When mapping encounters empty, null, or missing values, you can configure specific behaviors:

  • Set to empty value: Accept the empty state and create the attribute with no value.
  • Fall back to another field mapping: Use an alternative field as the source. This is useful for variant-level attributes that should inherit product-level defaults when variant-specific values are missing.
  • Fall back to a constant value: Use a predefined fallback value when the source field is empty.
  • Skip the attribute: Don't create the attribute for this item. An attribute warning will be present on the item to indicate the missing attribute.
  • Skip the item: Don't build the item at all. This ensures only items with complete required data are created. Useful when you need to guarantee all items have values from the source.
  • Fail the job completely: Stop processing and fail the entire update job. This provides strict data quality enforcement and prevents any issues from reaching downstream applications.

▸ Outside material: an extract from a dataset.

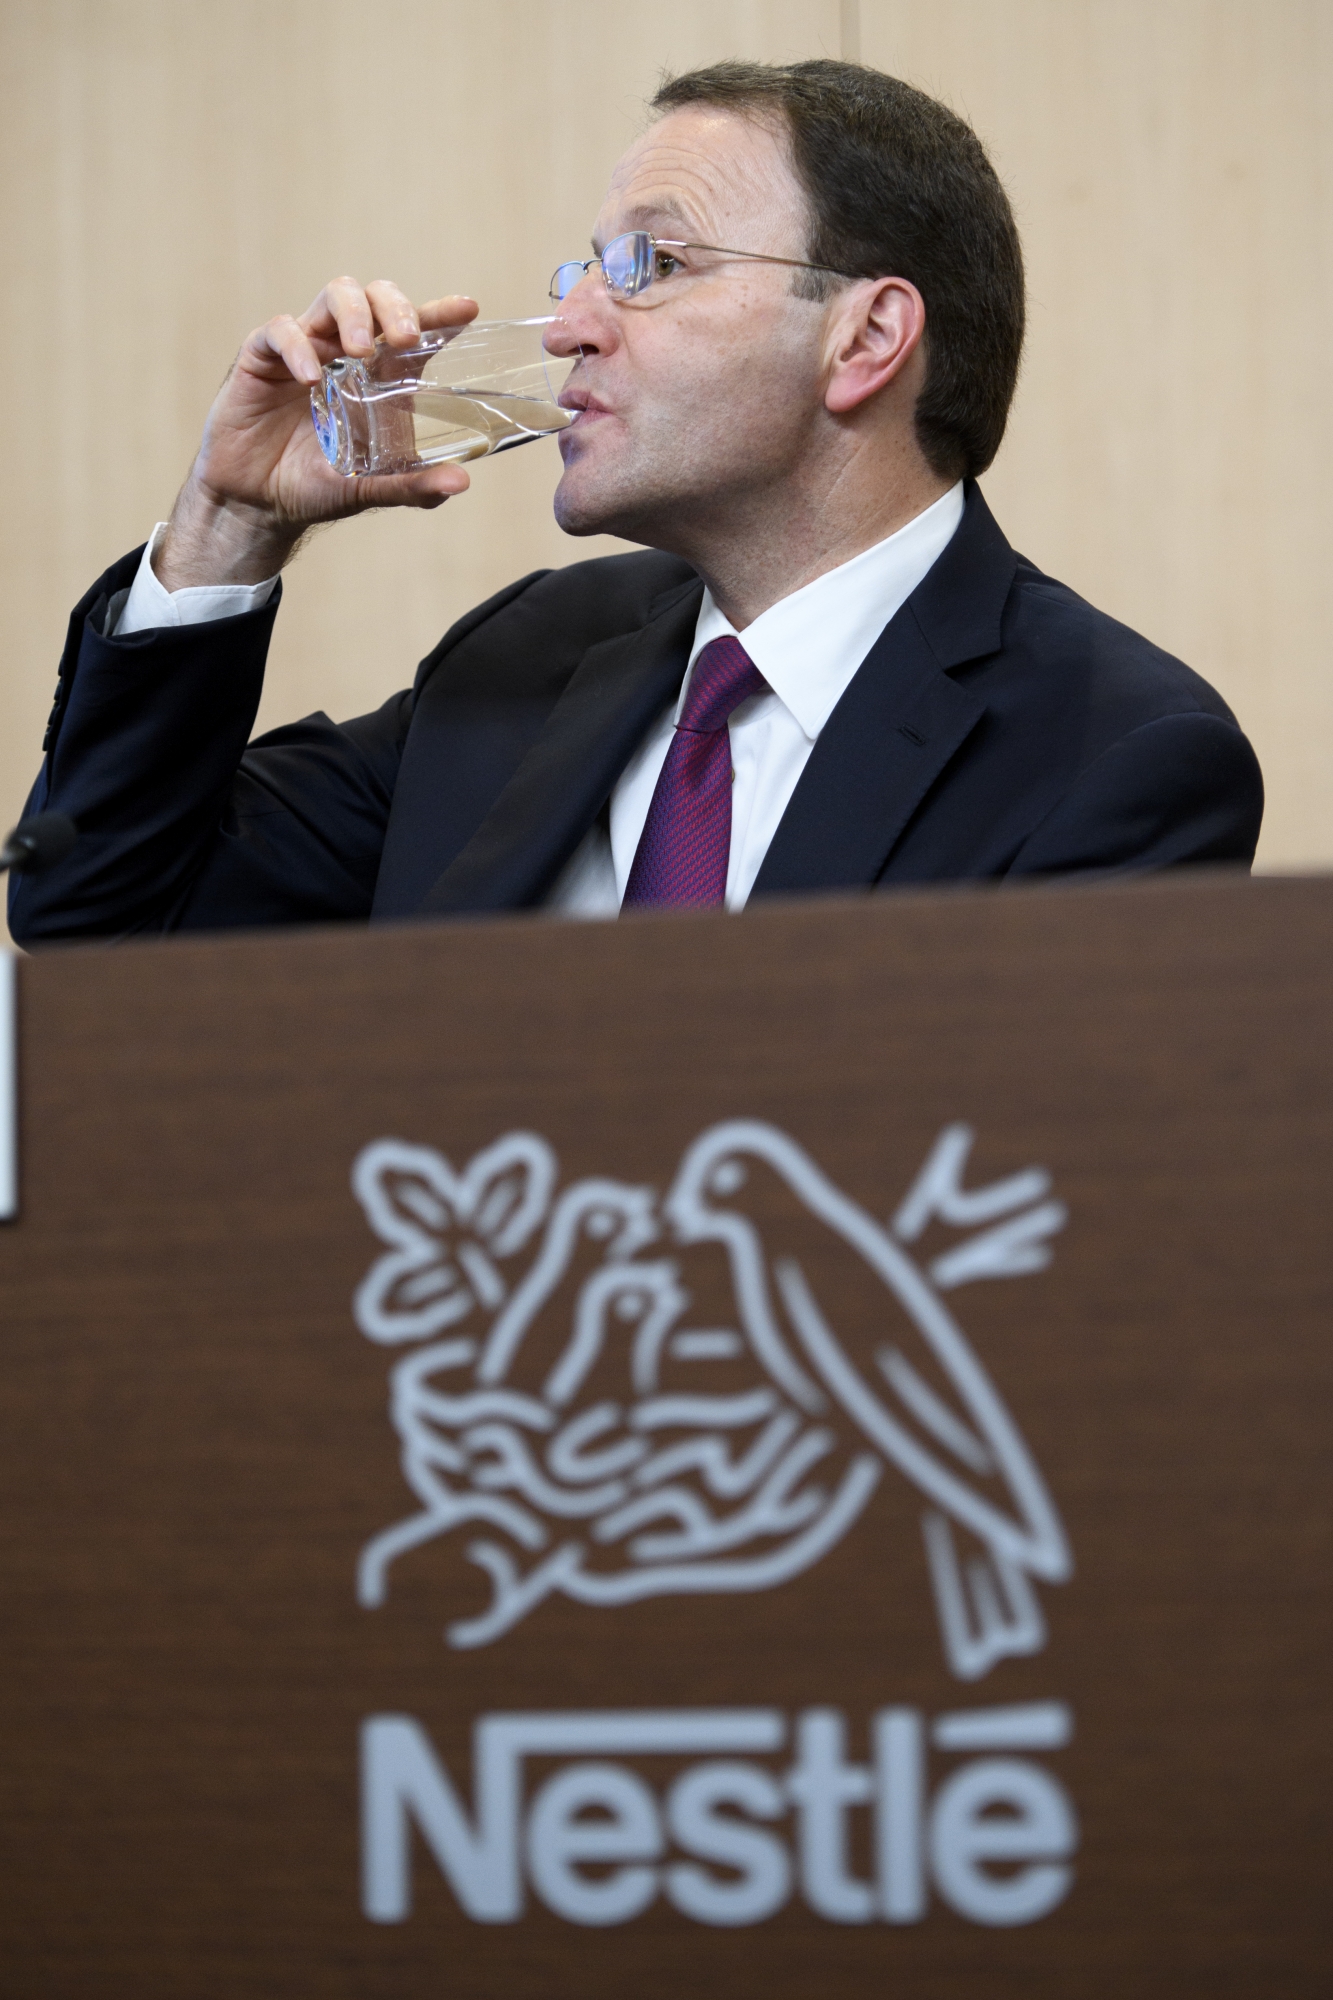 Nestle's new CEO Ulf Mark Schneider drinks a glas of water during the 2016 full-year results press conference of the food and drinks giant Nestle in Vevey, Switzerland, Thursday, February 16, 2017. Nestle SA, the world's biggest food and drinks producer, fiscal 2016 profit declined to 8.53 billion Swiss francs for 2016. (KEYSTONE/Laurent Gillieron)

Choose your error handling strategy based on your data quality requirements and business logic needs.

Category paths system attribute

The category paths system attribute manages hierarchical category structures for your products. This attribute works with both product-level and variant-level records, allowing you to define where products belong in your catalog taxonomy.

Application-specific behavior 

Category paths is one of the system attributes that doesn't map one-to-one across Bloomreach applications:

  • In Engagement: The category_paths attribute maps to multiple category-related attributes in the catalog, allowing for complex category hierarchies and relationships.
  • In Discovery: Category paths maintain their structure but may be processed differently depending on your catalog configuration.

The category paths attribute supports multiple paths per product, enabling products to appear in multiple categories simultaneously. Review the application-specific documentation for details on formatting and hierarchy depth limitations.